> ASSIGNED TASK
The needed output is the run of lines below from the one containing "b048fb578915 adidas Adi" through the one containing "ERTL Racing Champions", copied exactly and free of pictures.

> INFORMATION SUPPLIED
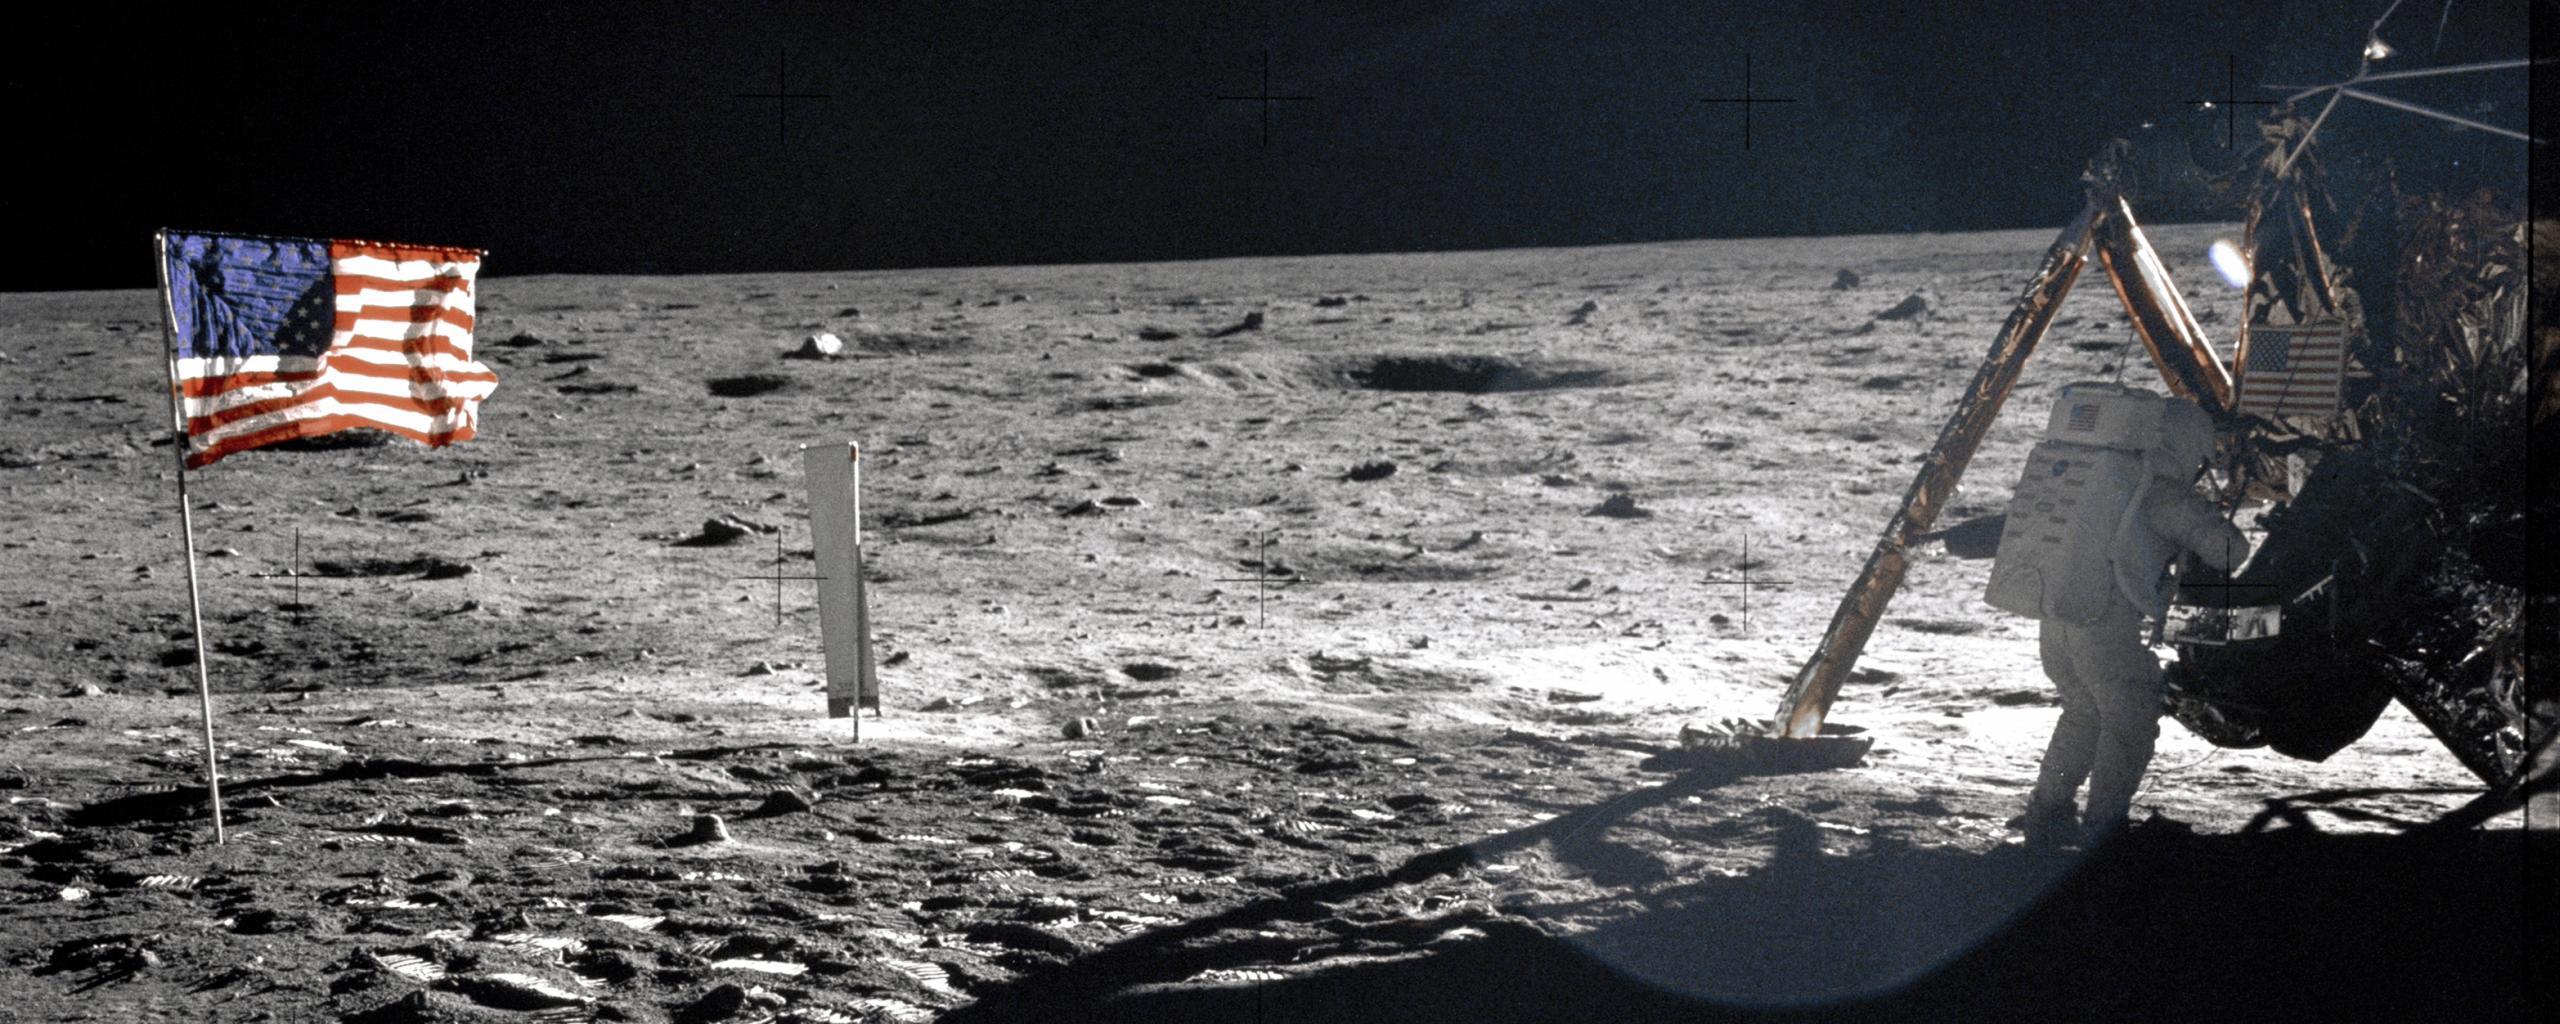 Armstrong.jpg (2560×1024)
--
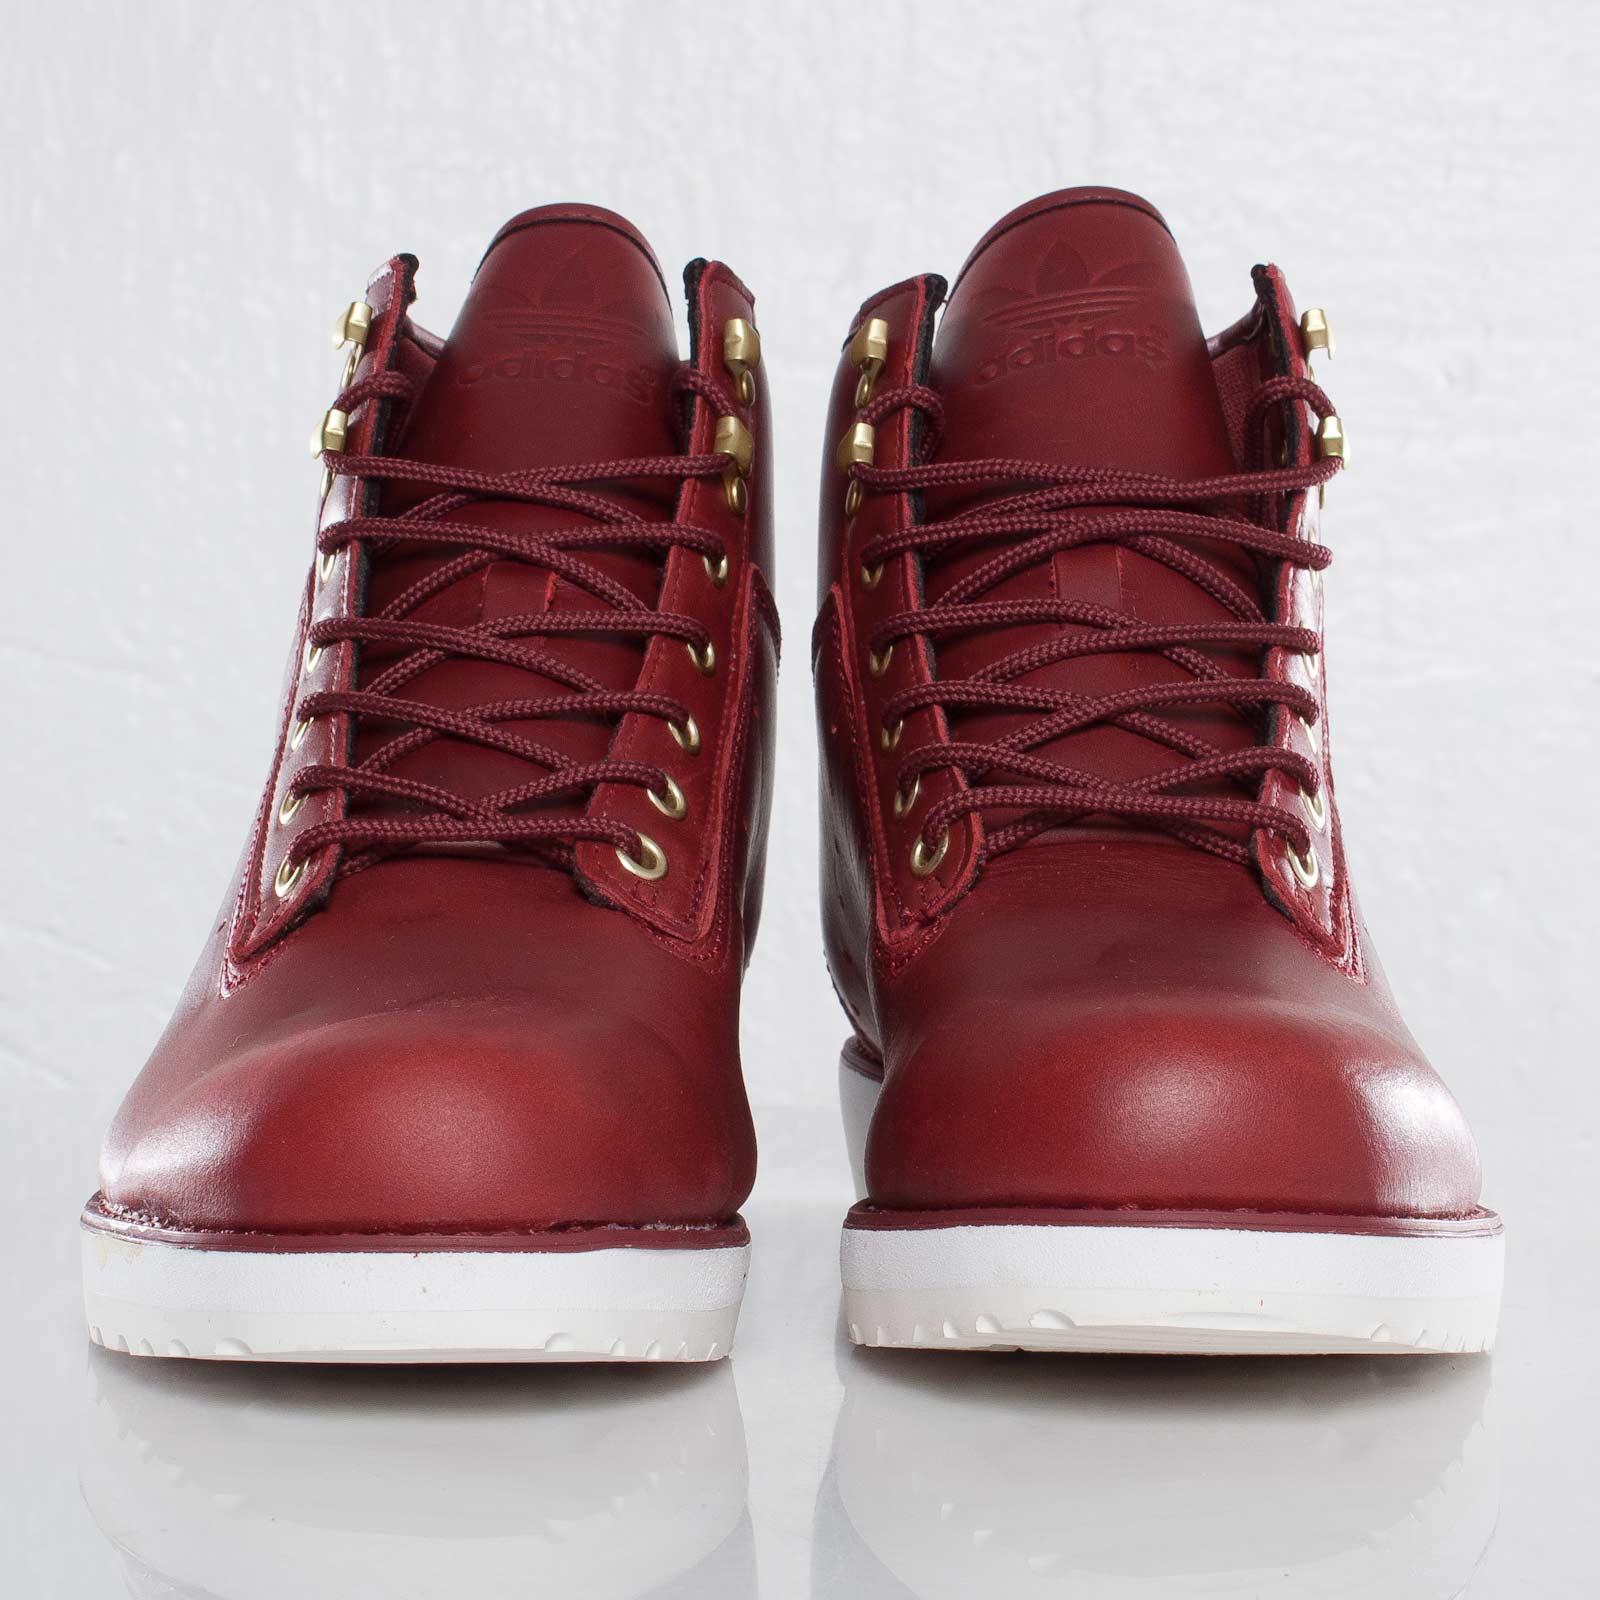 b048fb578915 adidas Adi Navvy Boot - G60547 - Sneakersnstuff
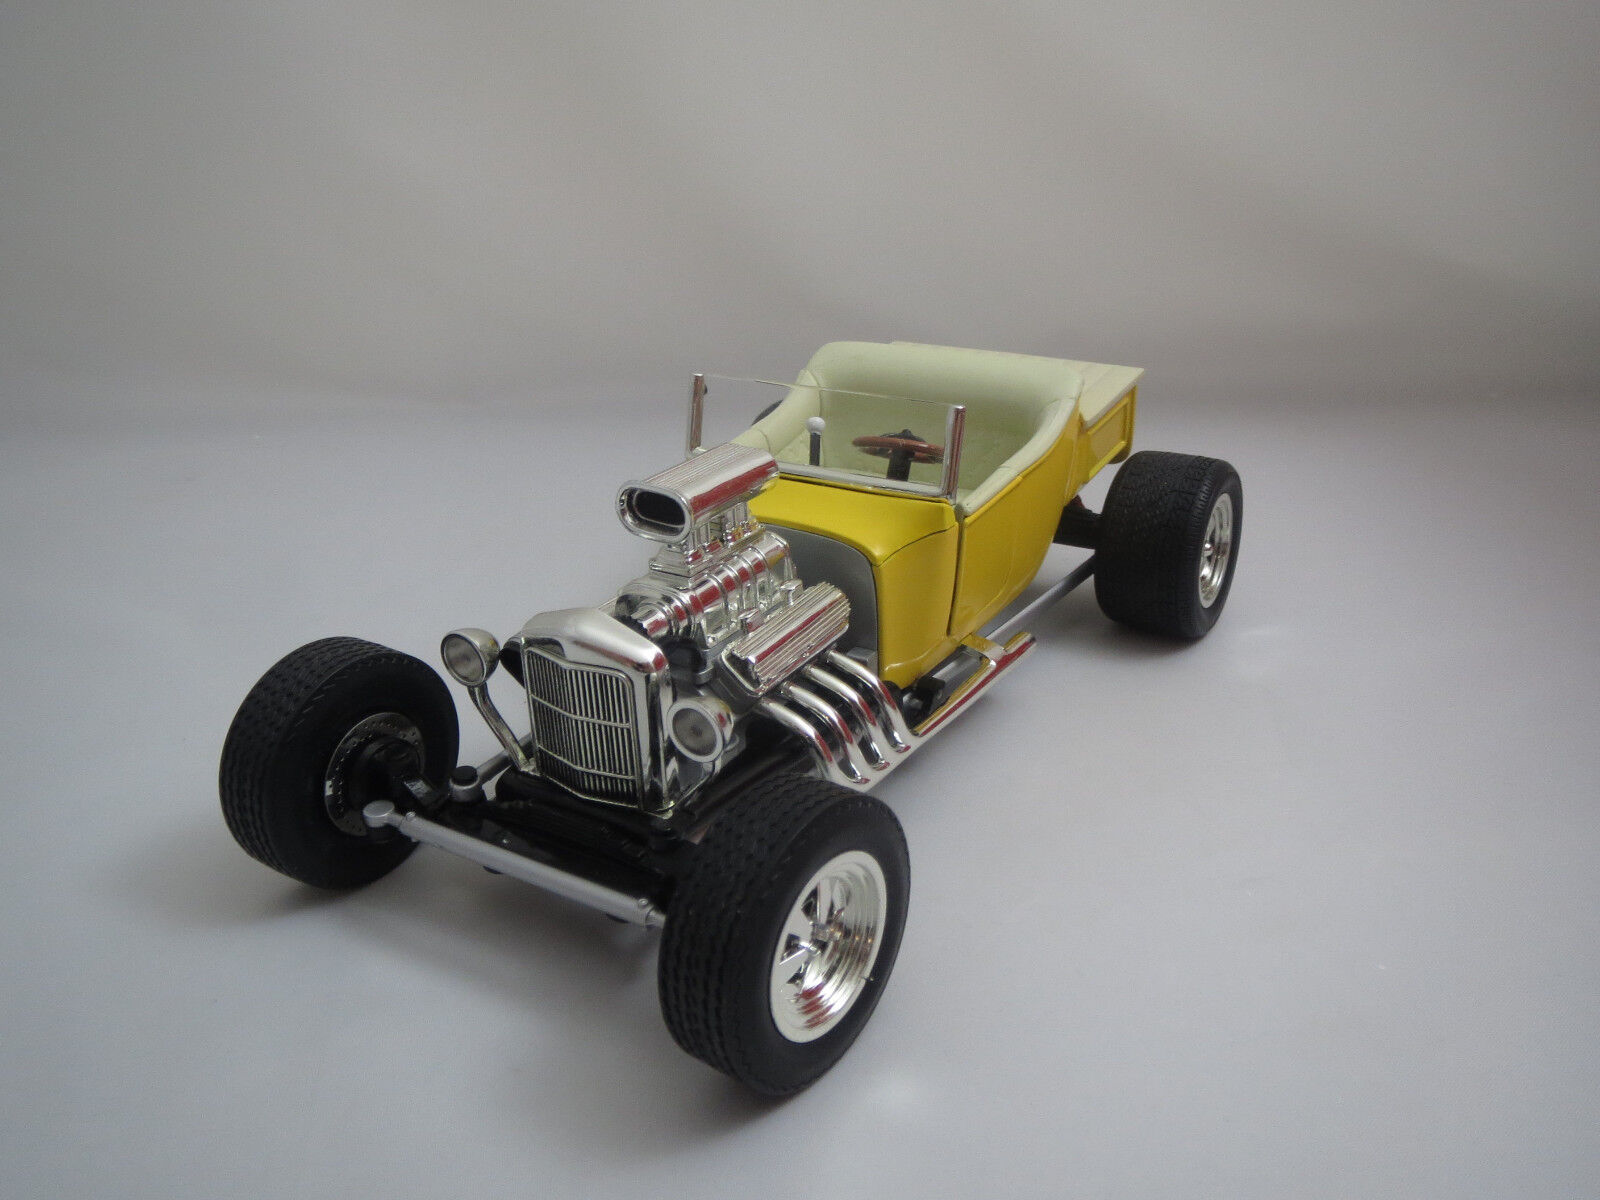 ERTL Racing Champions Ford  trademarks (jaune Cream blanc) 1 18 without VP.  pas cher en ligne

> EXERCISE RESULT
 b048fb578915 adidas Adi Navvy Boot - G60547 - Sneakersnstuff
 ERTL Racing Champions Ford  trademarks (jaune Cream blanc) 1 18 without VP.  pas cher en ligne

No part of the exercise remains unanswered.